I was wondering if anyone has experience of a Personal Locator Beacon (PLB).

I saw a video of one via which was demonstrated by Lyle Brotherton the author of the Ultimate Navigation Manual.

It would seem that it is pretty much the same in function as a EPIRB which as a sailor is fitted to my boat. Now that my EPRIB needs to be replaced I thought whether any sailor/hikers out there had any experience of using the PLB onboard a boat as well as land and could see any reasons as to why relying on a low cost PLB might not be a good idea.

Many thanks,

Peter B.

By Lancashire Lad on 02/05/19 at 7:02pm (last edited 02/05/19 at 7:09pm)


I'm not familiar with EPIRB's, but maybe this webpage might give you the answers you require: -

Seems that PLB's might not meet up to the specifications of EPIRB's, even though they might use the same satellites.
EPIRB's are registered to the vessel, (whereas PLB's are registered to an individual), and have to meet criteria regarding battery life when activated, automatic operation, etc. etc.

If you don't have a suitable EPIRB, might that affect the validity of any insurance that you are required to have for your vessel or for any passengers carried aboard it?


By pwb999 on 03/05/19 at 8:00pm

Thanks BOTH for the information and the website link which I have not previously come across.

Clearly it explains the main difference between the two products.

So it seems that both will signal the various satellite arrays and notify the MCA Coastguard at Falmouth asap. The EPRIB is registered to the boat and the PLB to an individual. In truth both used together would be a belt and braces approach to safety at sea. I have seen one which also activated your AIS system so that anyone on your boat could be alarmed to a MOB and then provide the helm with a course and distance to the target. Obviously useful for crewed boats where your best chance of recovery is them rather than the Coastguard.

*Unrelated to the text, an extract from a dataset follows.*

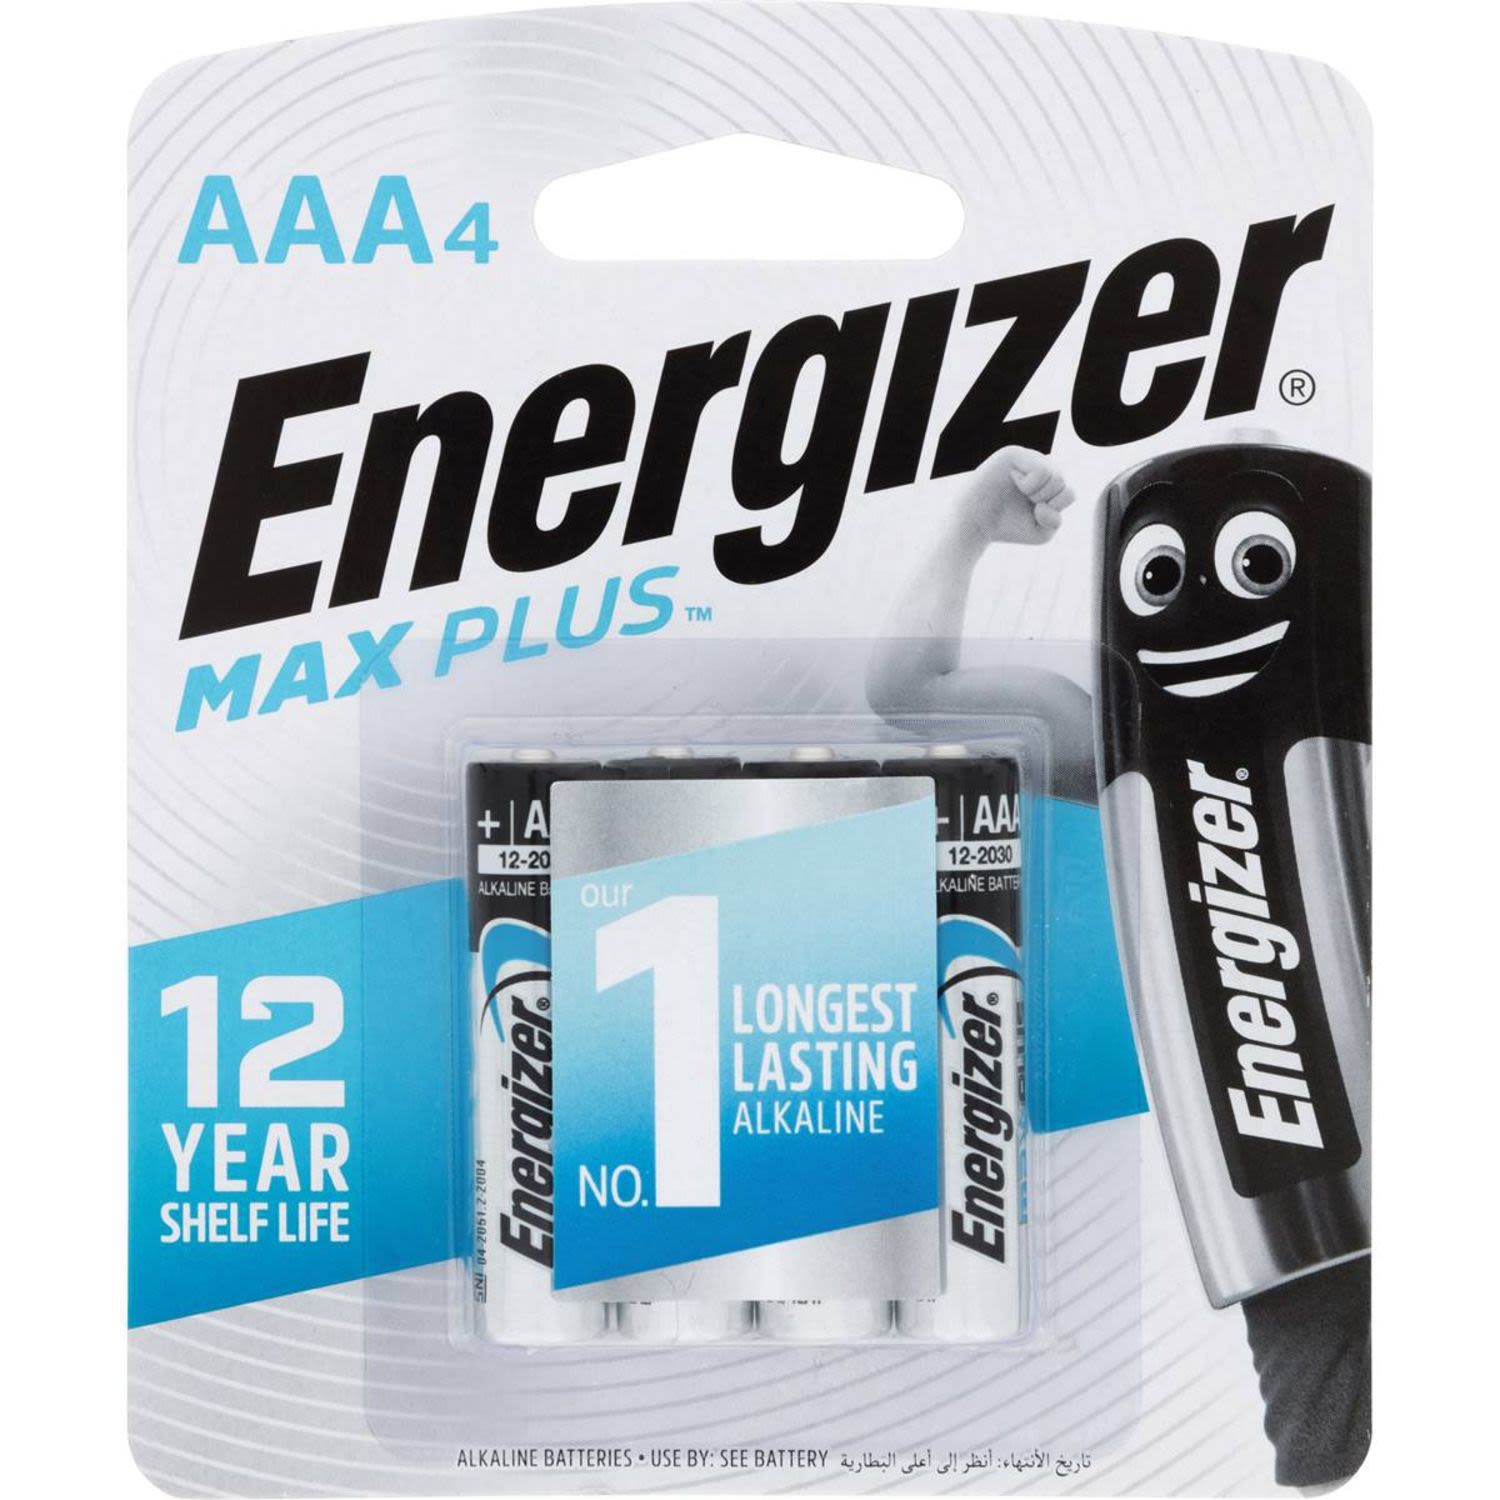 Energizer MAX PLUS batteries hold power for up to 12 years while in storage, so you have power when you need it most. Your most demanding devices, like cameras, personal groomers, and handheld games and controllers, stay powered up with the long-lasting energy you expect from Energizer.<br /> <br />

I will look at the two products Paul recommended as my current expired EPIRB is McMurdo and seems very robust and fit for purpose.

Interesting point about insurance cover. At present my insurers have not insisted on any safety equipment being installed. Everything I have is mainly through what the boat had and discussion with fellow sailors. They tend to be pretty suspicious of manufacturers hype and tend to be a fairly conservative bunch. Probably the biggest change is the increasing use of tablet ie IPAD devices on board as a multiuse device including GPS, charts, AIS, Anchor Alarm etc.

If you get the chance I would recommend another website at His book Natural Navigation tries to distill how our ancients forebearers navigated over the globe by sea and land. Its a good read for all walkers and sailors and identifies the various techniques that perhaps are not widely known and yet can bring such pleasure when they work.

Thanks again for the help

Peter B.

By TallPaul on 02/05/19 at 7:15pm (last edited 02/05/19 at 7:16pm)

Beth and I both use PLBs. We used to share one (she for walking, me for sailing) now we each have our own. I've got a McMurdo FastFind 220 (now on its second battery, they last five years), she's got an Ocean Signal Rescue ME 406 which is even more compact.

For walking a PLB give you security where there's no mobile coverage.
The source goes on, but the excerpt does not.